### EXERCISE GOAL
Reproduce exactly, and nothing but, the lines between the one with "Футбол, Премьер-Лига, игровой" and the end of the entries, both ends included.

[Data entries]
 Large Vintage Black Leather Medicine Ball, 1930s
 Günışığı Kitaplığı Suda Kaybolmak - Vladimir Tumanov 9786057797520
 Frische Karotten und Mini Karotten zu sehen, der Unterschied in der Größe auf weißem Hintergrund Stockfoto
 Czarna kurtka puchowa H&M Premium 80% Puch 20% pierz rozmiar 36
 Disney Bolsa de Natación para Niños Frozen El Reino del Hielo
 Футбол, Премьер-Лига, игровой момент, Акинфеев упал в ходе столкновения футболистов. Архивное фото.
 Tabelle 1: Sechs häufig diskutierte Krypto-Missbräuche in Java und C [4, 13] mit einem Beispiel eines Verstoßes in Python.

### YOUR SOLUTION
 Футбол, Премьер-Лига, игровой момент, Акинфеев упал в ходе столкновения футболистов. Архивное фото.
 Tabelle 1: Sechs häufig diskutierte Krypto-Missbräuche in Java und C [4, 13] mit einem Beispiel eines Verstoßes in Python.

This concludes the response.